Stored data entries:
══════════

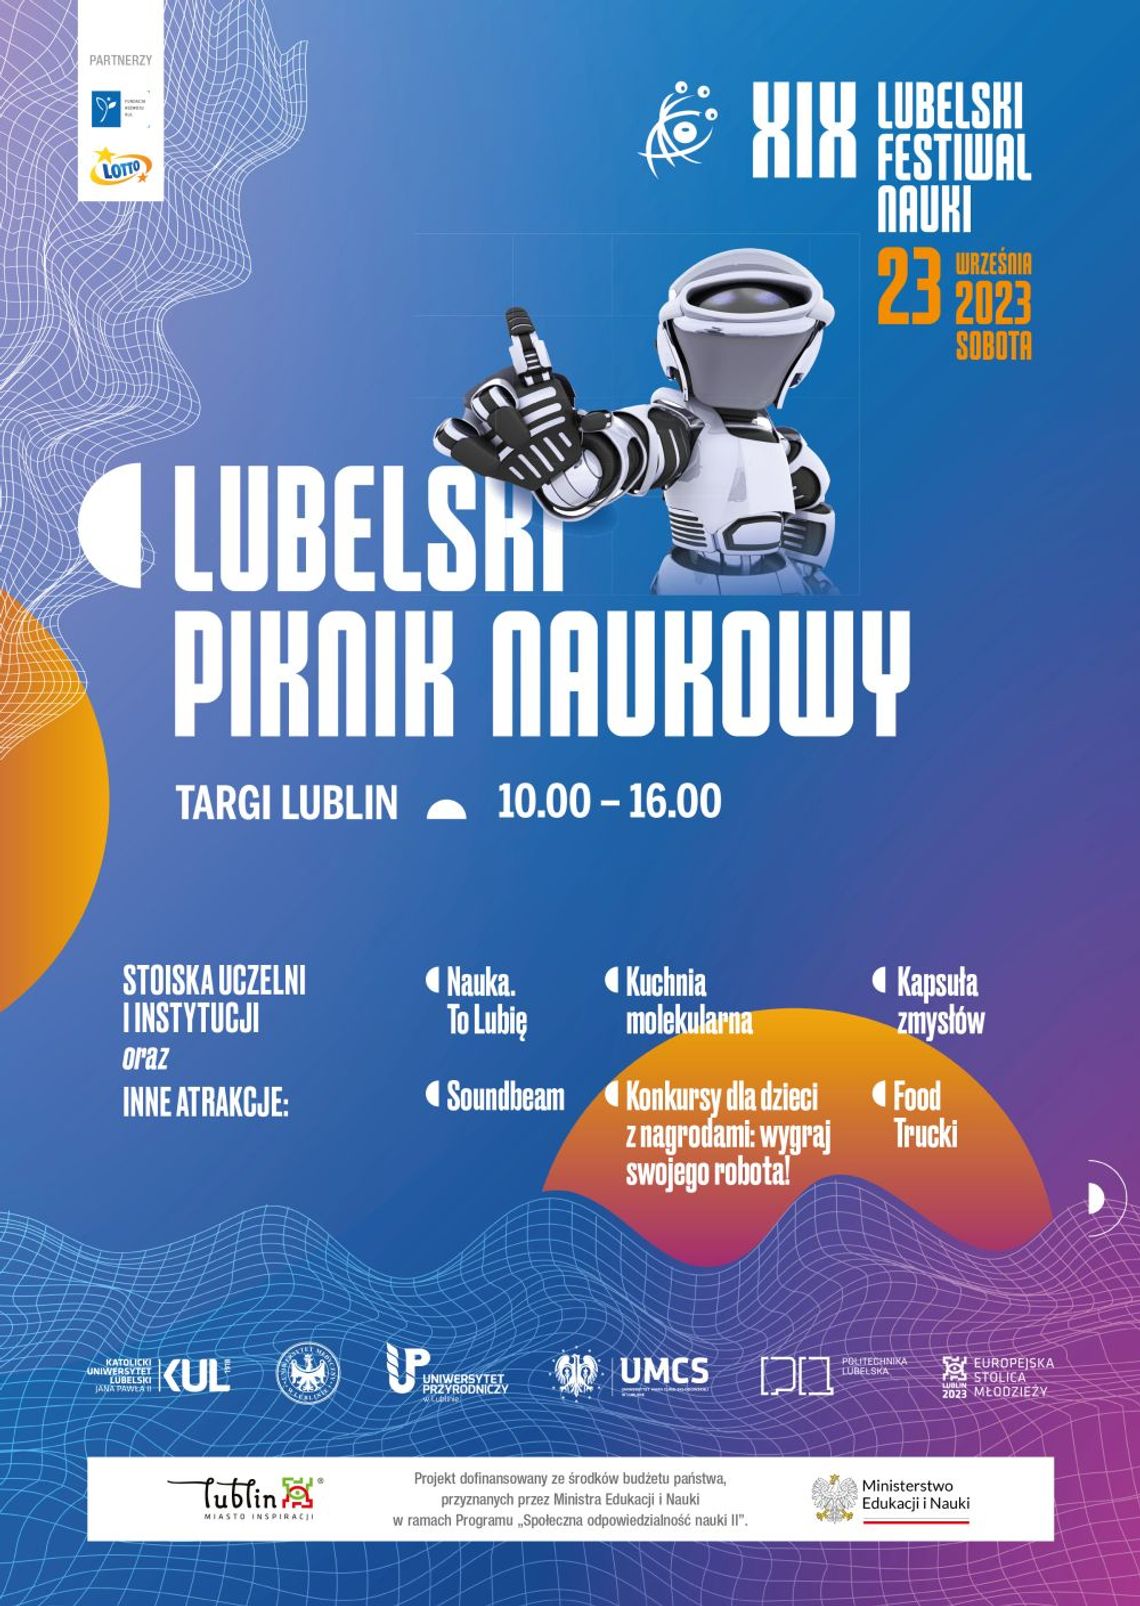 Rekordowy Lubelski Festiwal Nauki już w przyszłym tygodniu
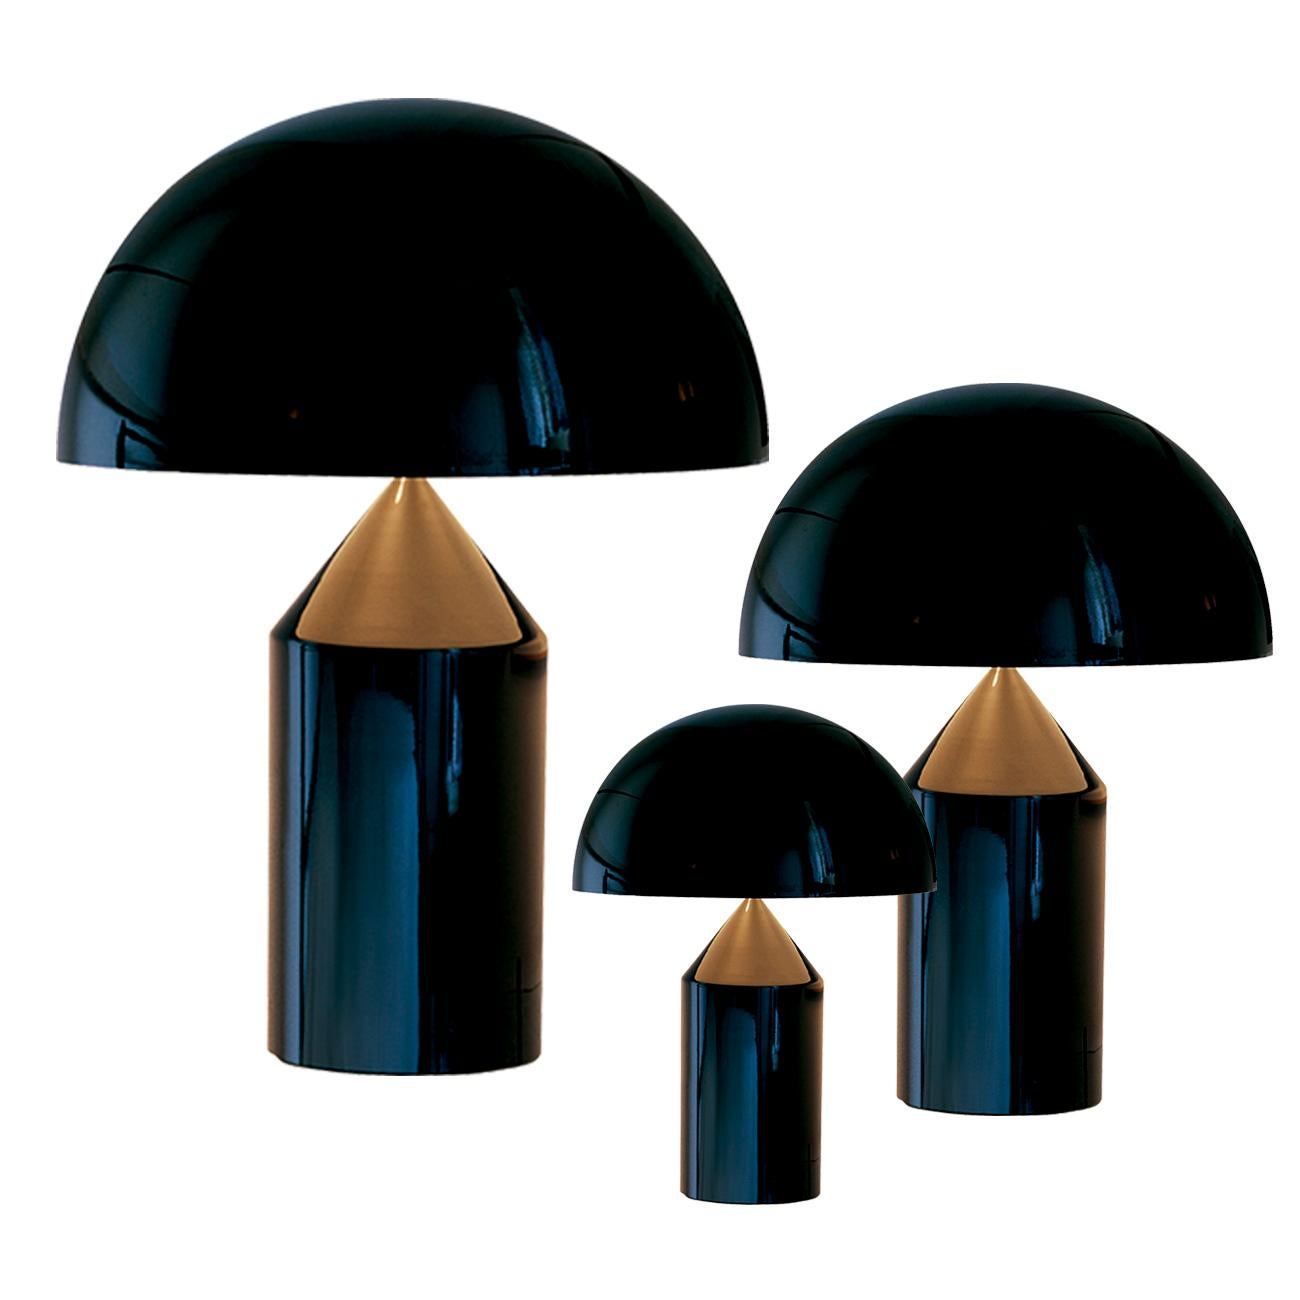 Lampe à poser conçue par Vico Magistretti en 1977
Fabriqué par Oluce, Italie.

Conçue en 1977 par Vico Magistretti, Atollo est devenue au fil des ans l'archétype de la lampe de table, remportant le Compasso d'Oro en 1979 et révolutionnant
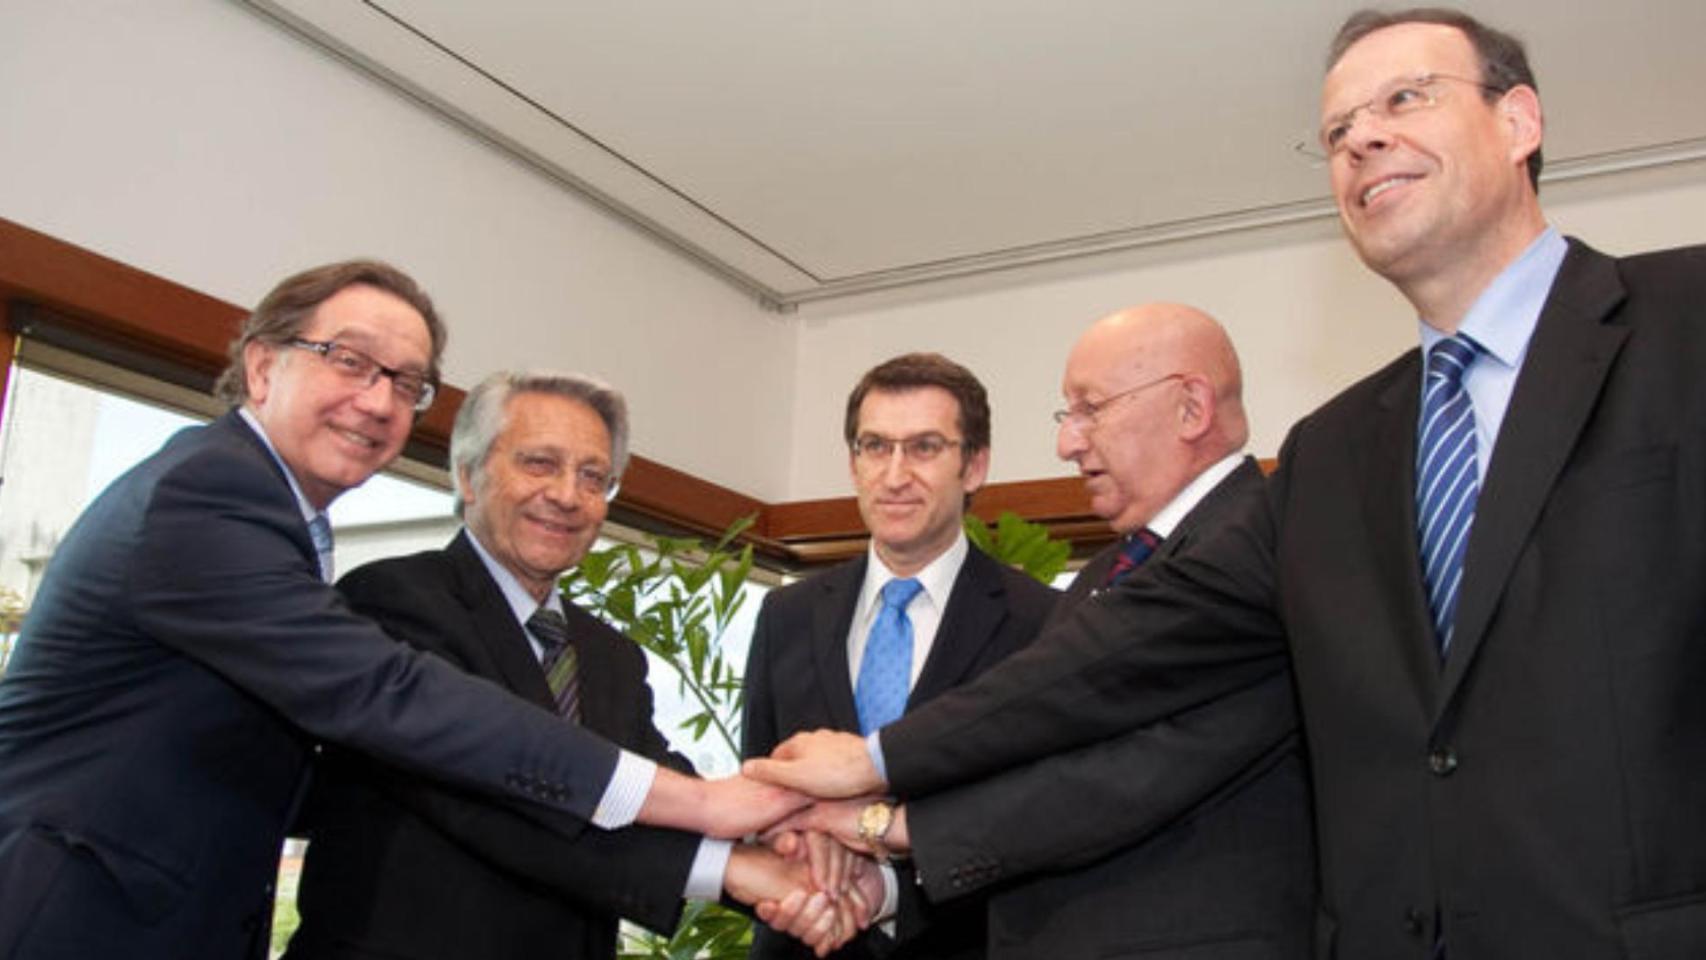 Imagen del acuerdo entre Caixa Galicia y Caixa Nova.

══════════

Task to complete: Take every entry and repeat it verbatim, minus the pictures.

Completed exercise:
 Rekordowy Lubelski Festiwal Nauki już w przyszłym tygodniu
 Lampe à poser conçue par Vico Magistretti en 1977
Fabriqué par Oluce, Italie.

Conçue en 1977 par Vico Magistretti, Atollo est devenue au fil des ans l'archétype de la lampe de table, remportant le Compasso d'Oro en 1979 et révolutionnant
 Imagen del acuerdo entre Caixa Galicia y Caixa Nova.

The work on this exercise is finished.